You are viewing a plain text version of this content. The canonical link for it is here.

Posted to user@cassandra.apache.org by Parth Setya <se...@gmail.com> on 2015/01/15 14:52:00 UTC

Add a node with existing data to a cluster

Hi

I am attempting to add a cassandra node which has some existing data on it
to an existing clutser. Is this a legit thing to do?
And what will happen if the same data with different timestamps exists on
the node to be added and the existing cluster?
What will happen if auto_bootstrapping property is enabled and also i run a
repair as soon as the node is added to the cluster?

Best
Parth

Re: Add a node with existing data to a cluster

Posted by Robert Coli <rc...@eventbrite.com>.
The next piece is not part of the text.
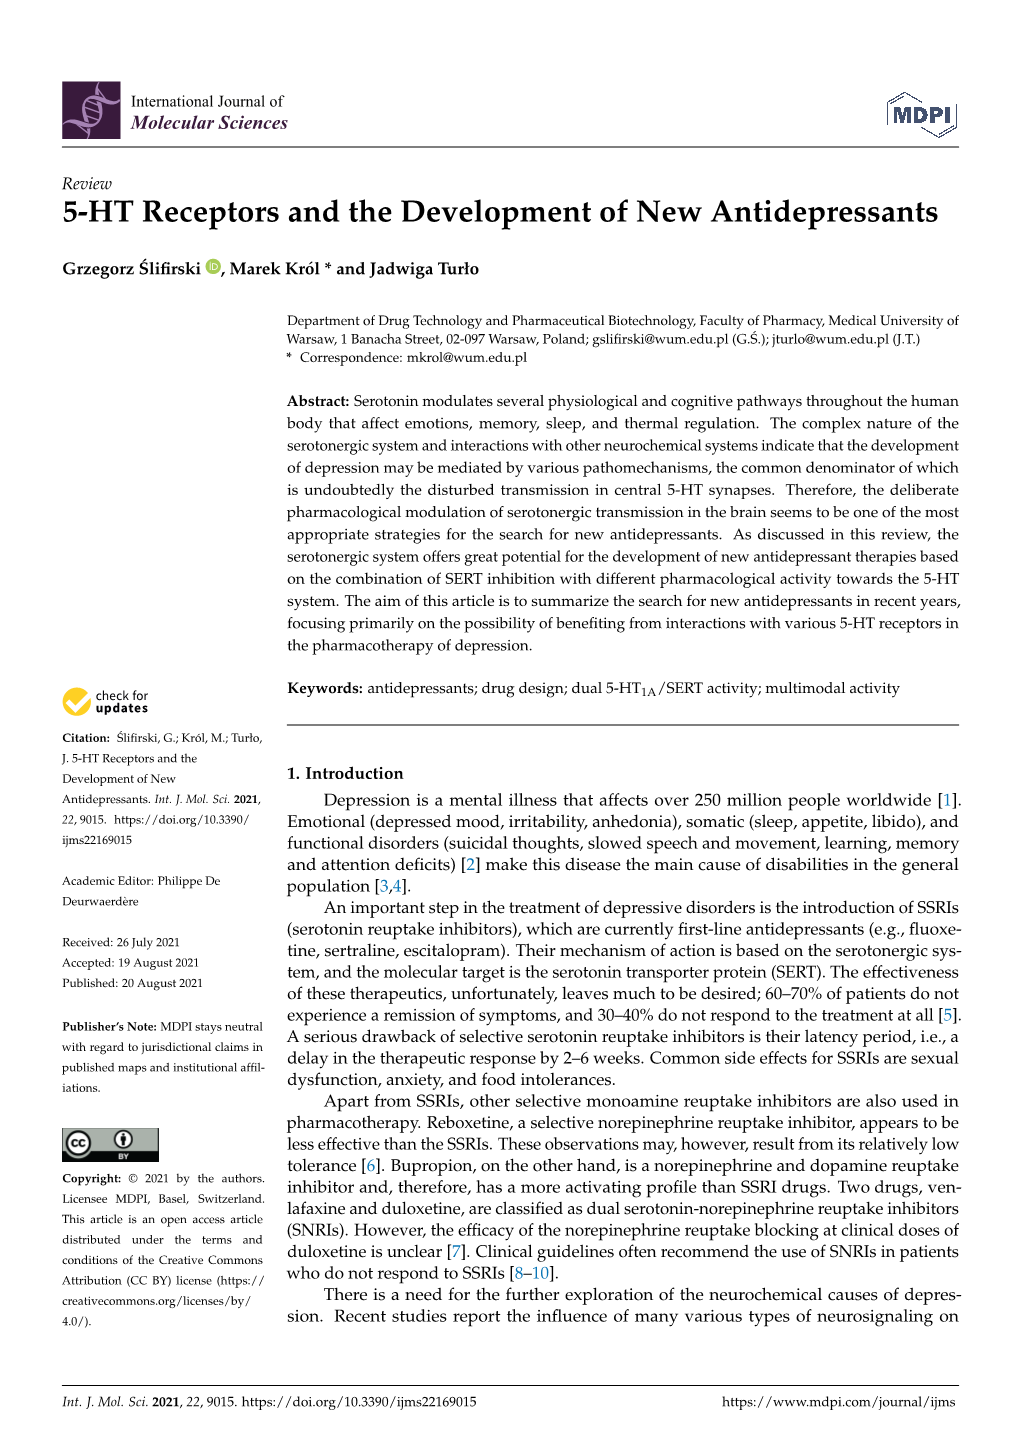 5-HT Receptors and the Development of New Antidepressants

On Thu, Jan 15, 2015 at 5:52 AM, Parth Setya <se...@gmail.com> wrote:

> I am attempting to add a cassandra node which has some existing data on it
> to an existing clutser. Is this a legit thing to do?
>

Sure, it's similar to running "nodetool refresh" but without the lack of
safety. It also may interfere with bootstrapping. But it's not entirely
illegitimate.

> And what will happen if the same data with different timestamps exists on
> the node to be added and the existing cluster?
>

The same reconciliation logic that would otherwise occur. There are cases
where this could unmask deleted data and other unexpected seeming things.

> What will happen if auto_bootstrapping property is enabled and also i run
> a repair as soon as the node is added to the cluster?
>

Depends on whether your version contains :

https://issues.apache.org/jira/browse/CASSANDRA-6961

This allows you to start a node with old data, repair it while it
"hibernate"s as a non-full-member of the cluster, and then have it join.

Otherwise, you serve stale reads at CLs below quorum until the repair
completes.

=Rob